The Adventurist, who has done a great job of staying abreast of things, has a number of updates today on the evolving situation in Nepal and Tibet, starting with this story from the Nepal News that says that Nepal will not limit access to Everest this Spring.
You’ll recall that there were many rumors flying last week following the Chinese announcement that the North Side would be closed until after May 10th to allow their Olympic Torch team to summit. There were some indications that Nepal would do the same on the South Side thanks to a large economic package sent that way from the Land of Mao. Now it would appear that those reports were a bit premature and that climbers may have full access to Everest as they would in any other year.
Why the change of heart? Well, it’s quite possible that Nepal was only entertaining the Chinese request to keep climbers from the summit until after May 10th, but never actually agreed to it. It’s also possible that they listened to the needs of the climbers and the Sherpas that they employ and thought better of the idea. What ever the reason, it’s good to get some good news as the season draws ever closer. This isn’t completely confirmed yet, but it’s looking good.
Meanwhile, in Tibet a thousand were arrested as the Chinese crack down on those they suspected of taking part in the recent demonstrations that turned into riots there. The report is that some 600 Tibetans were taken into custody on Saturday with another 300 on Sunday. Since that time, the police have made raids throughout Lhasa, at times going door to door in their search. The article talks about the use of tear gas to disperse crowds and witnesses seeing at least one man beaten by the police when they drug him out of his apartment complex.
For his part, the Dalai Lama has condemned the violence in his home country and asked Tibetans to stop rioting in his name. He’s even gone so far as to threaten to step down if the violence did not cease. A spokesman for his Holiness clarified the statement saying that he meant that he would step down as the leader (in exile) of Tibet but would “always be the Dalai Lama.”
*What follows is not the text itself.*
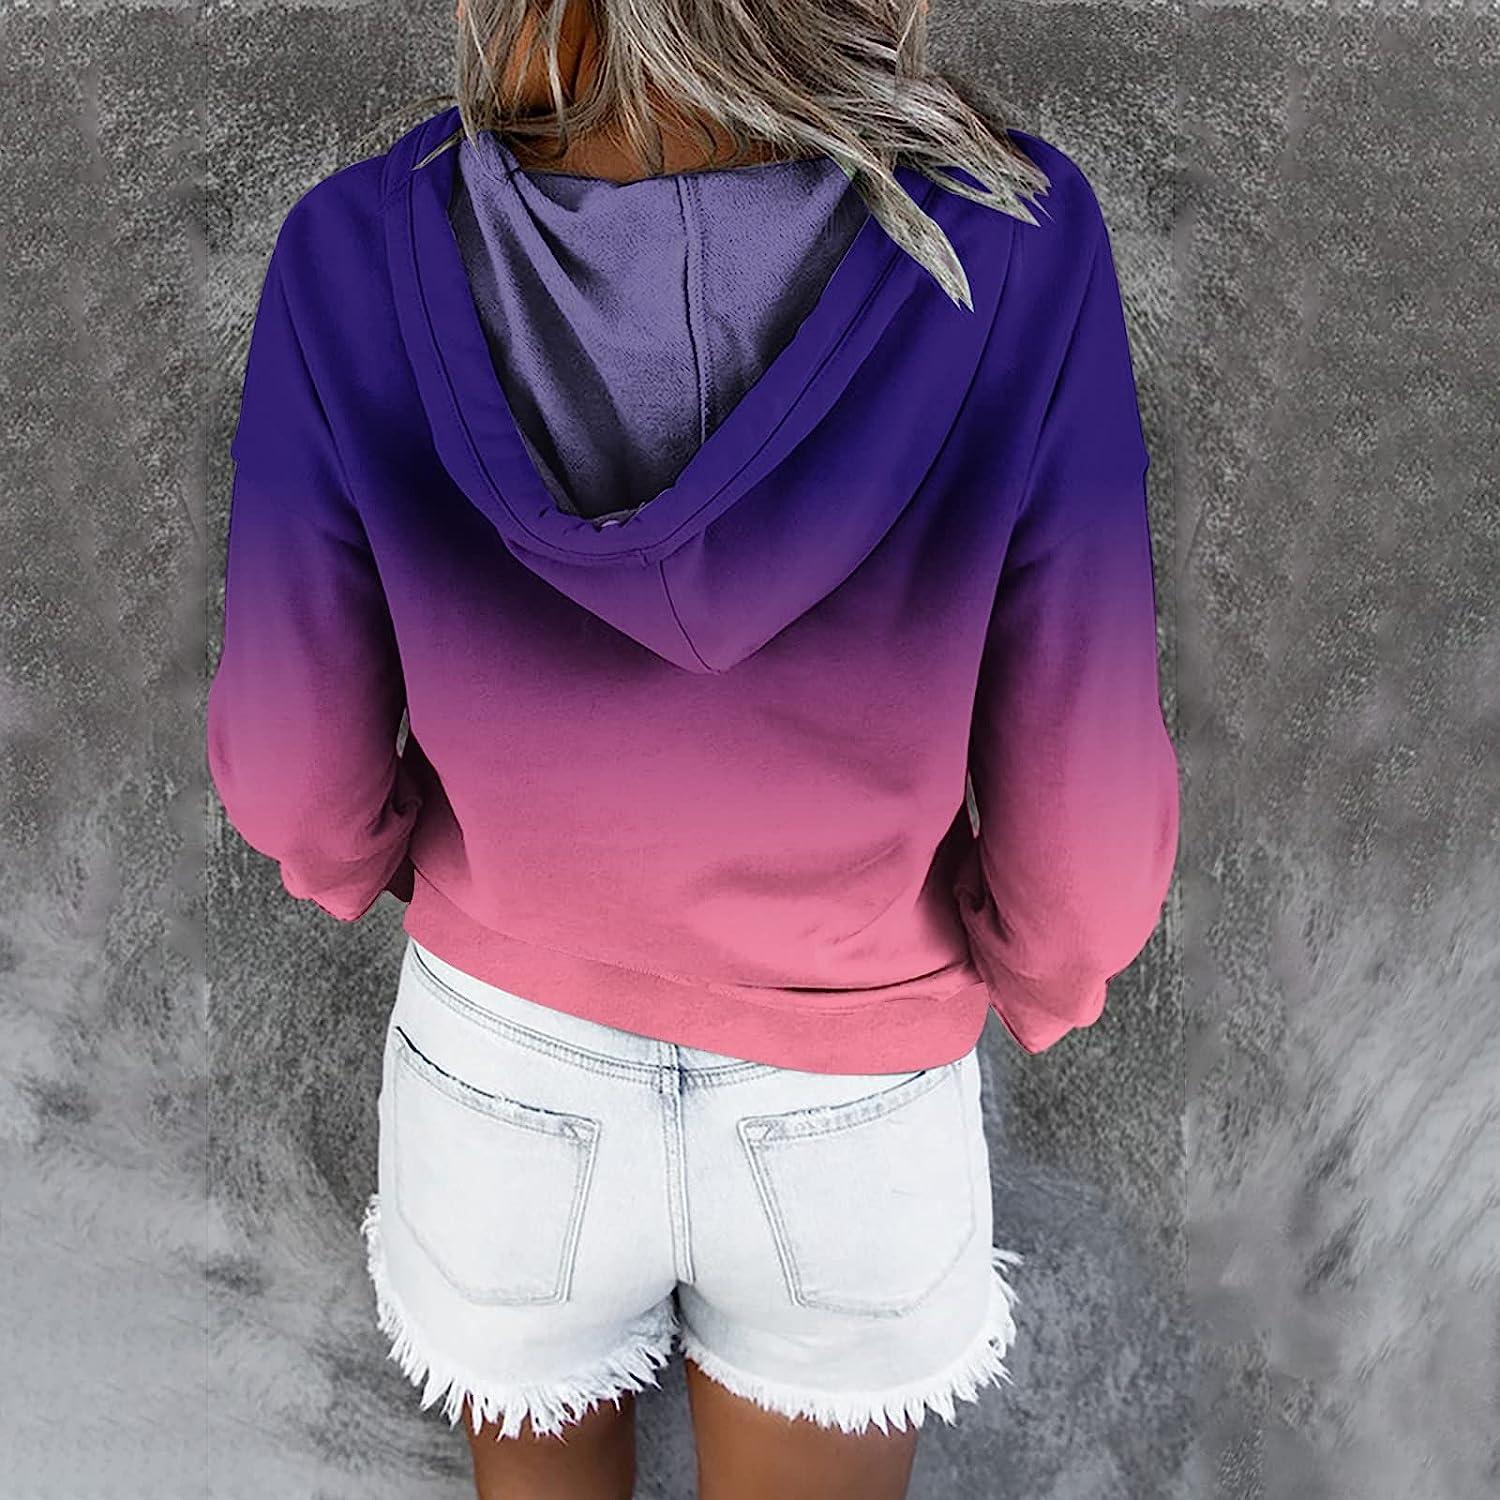 Womens Hoodies Pullover Fall Fashion Tops Graphic Loose Fitting Sweatshirts  Button Down Long Sleeve Shirts with Pocket Medium Purple Button Down Womens  Hoodies Pullover
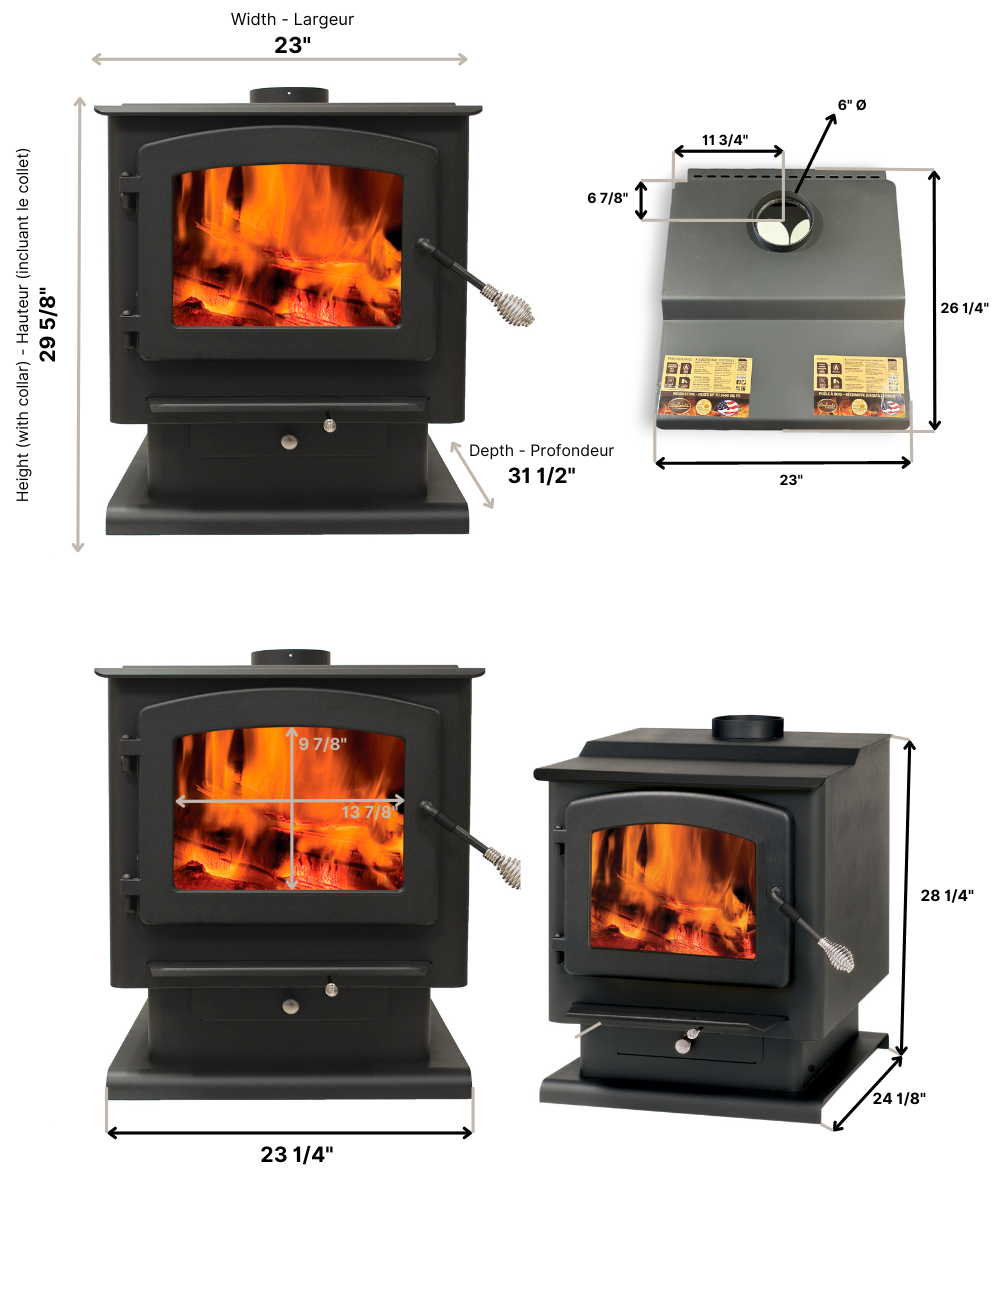 32-NC Wood Stove - EPA Certified - Heats up to 2,400 sq. ft. - up to 20  Logs - Pedestal Model with/without glass overlay - Made in USA.

Finally, ESPN.com is reporting that the French Foreign Minister is calling for the EU to boycott the opening ceremonies of the Olympic Games if conditions don’t improve in Tibet. He isn’t advocating boycotting the games, but saying that teams should consider boycotting the highly publicized opening ceremony to send a message to the Chinese Government.
I appreciate his gesture, and I know a lot of people are against turing the Olympics into a political tool, as we saw with the U.S. boycott of the 1980 games in Moscow and the Russian boycott of the 1984 Summer games in Los Angles. But at what point do you draw a line that the Chinese can understand? As I’ve said before, this was meant to be their big “coming out” party for the International community. They want to show that they’re ready for the World Stage. Perhaps a statement of some kind should be made back to them as well. Remember, Hitler was also more than happy to kick off the 1936 games in Berlin.